Exercise objective: Only the lines below from the one containing "Award Winning Cake" through the last line should be set down, exactly as written and with no pictures.

Information shown:
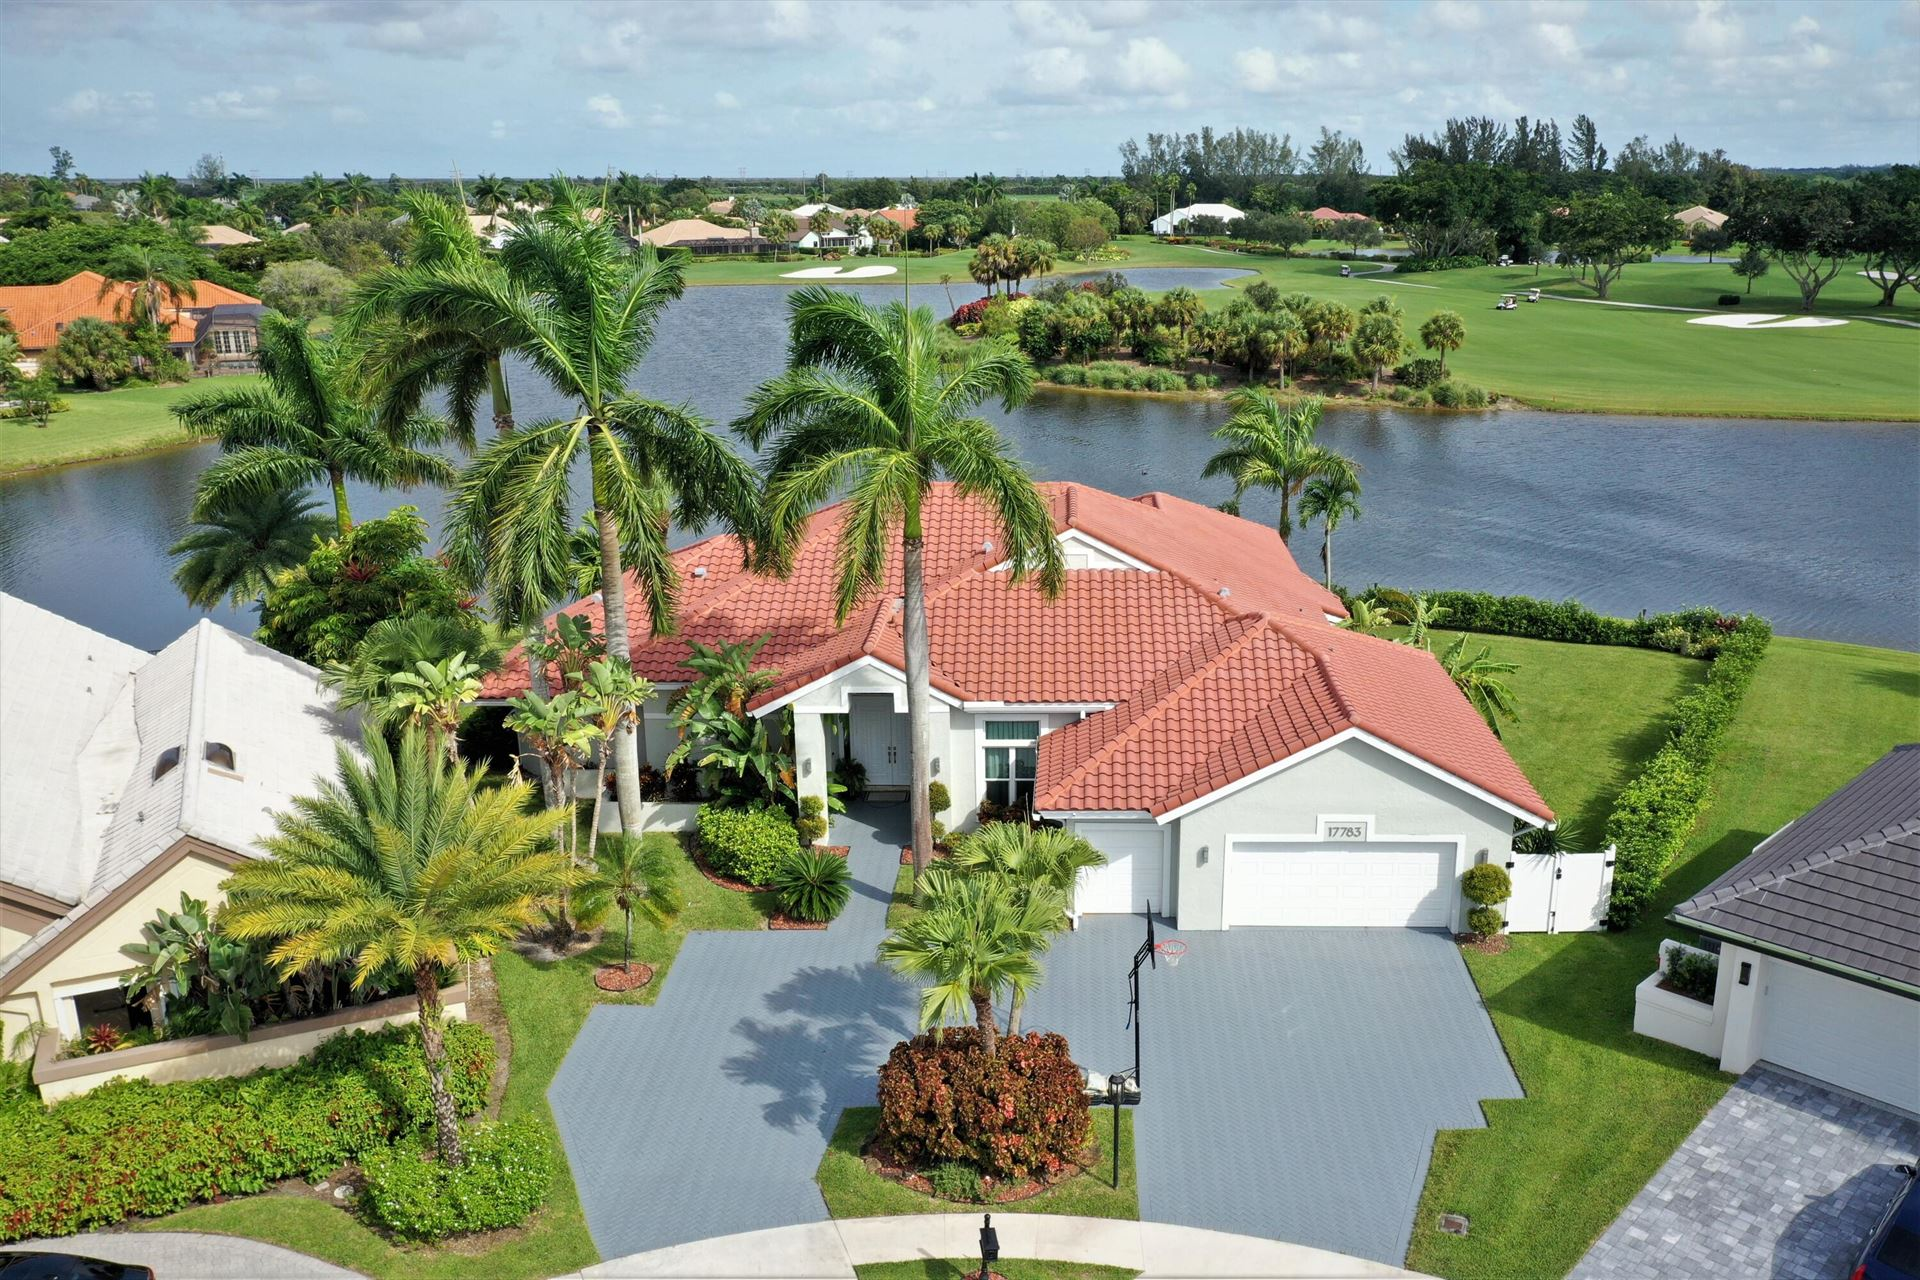 17783 Heather Ridge Lane, Boca Raton, FL 33498 - MLS#: RX-10745713
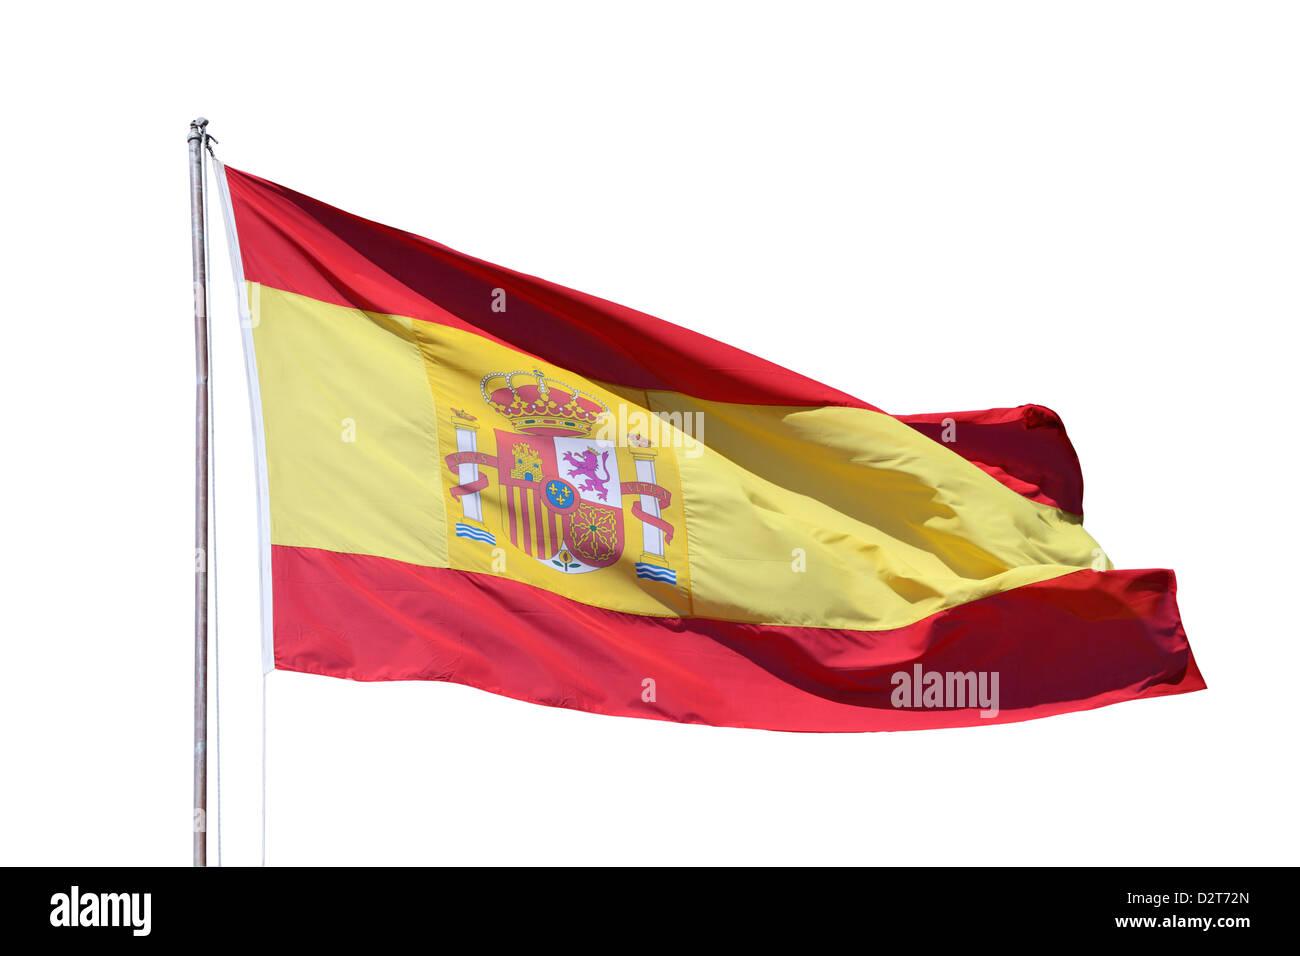 Spanish national flag isoliert over white background - Stock Image
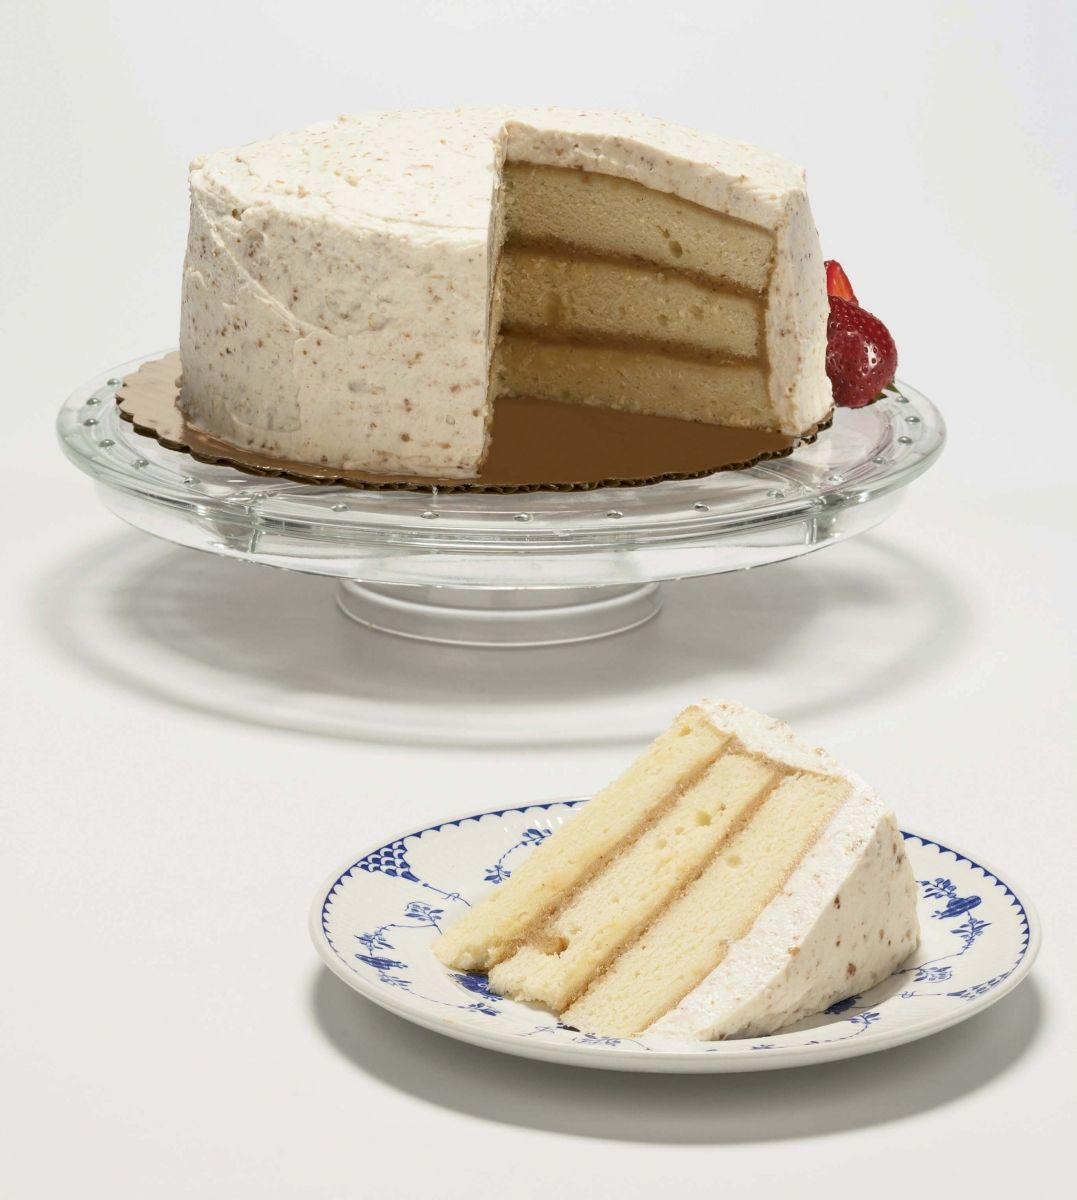 Award Winning Cake Recipes From Scratch: Katie Evatt's Carolina Cream Cake. This 2012 Top Cake
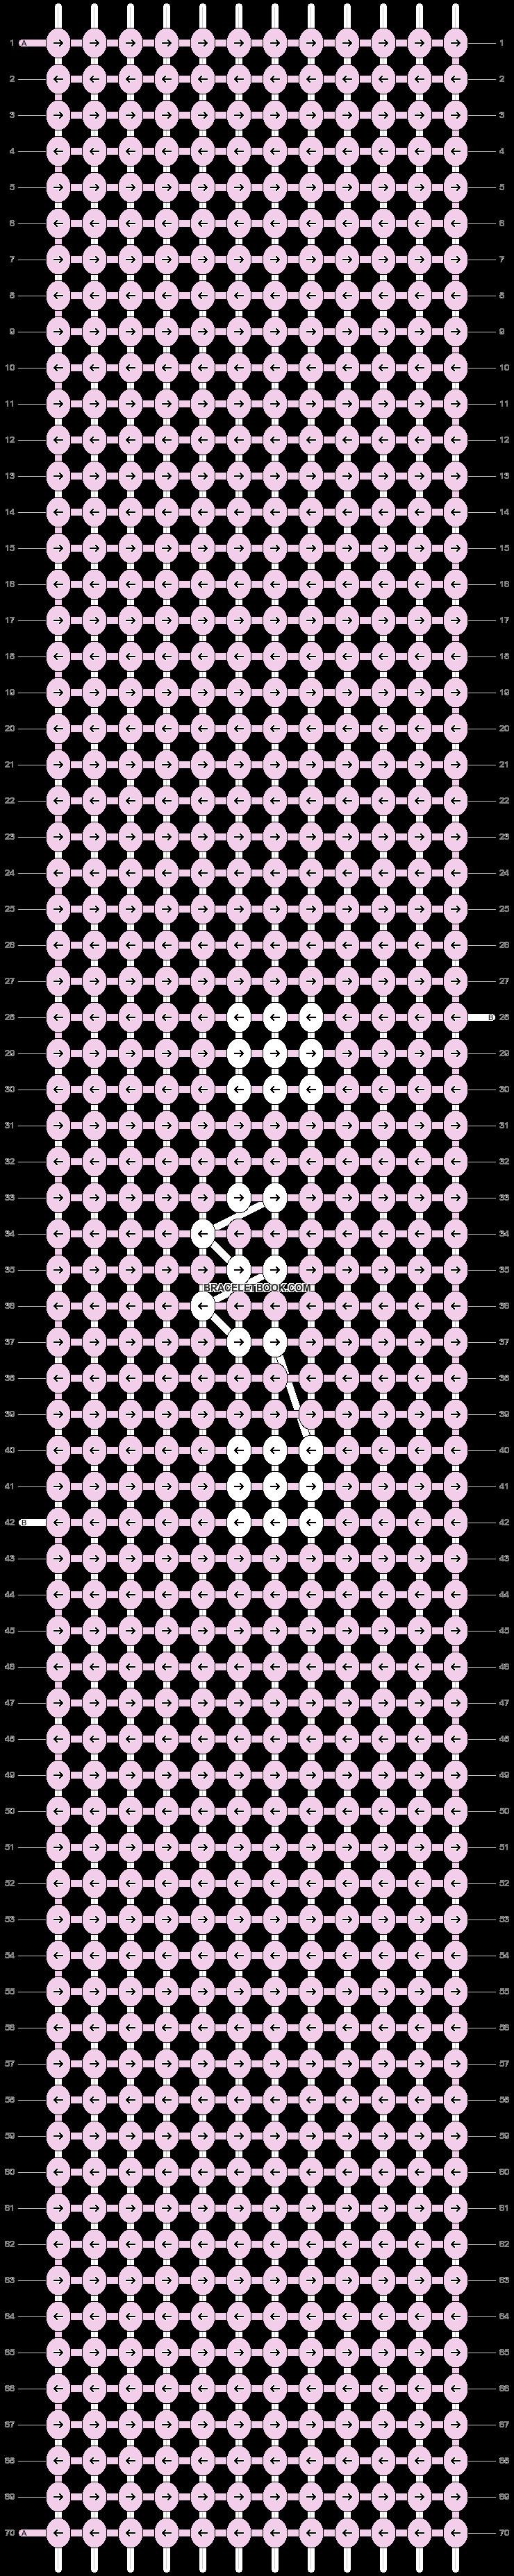 Alpha pattern #45878 variation #68740 pattern

Completed task:
 Award Winning Cake Recipes From Scratch: Katie Evatt's Carolina Cream Cake. This 2012 Top Cake
 Alpha pattern #45878 variation #68740 pattern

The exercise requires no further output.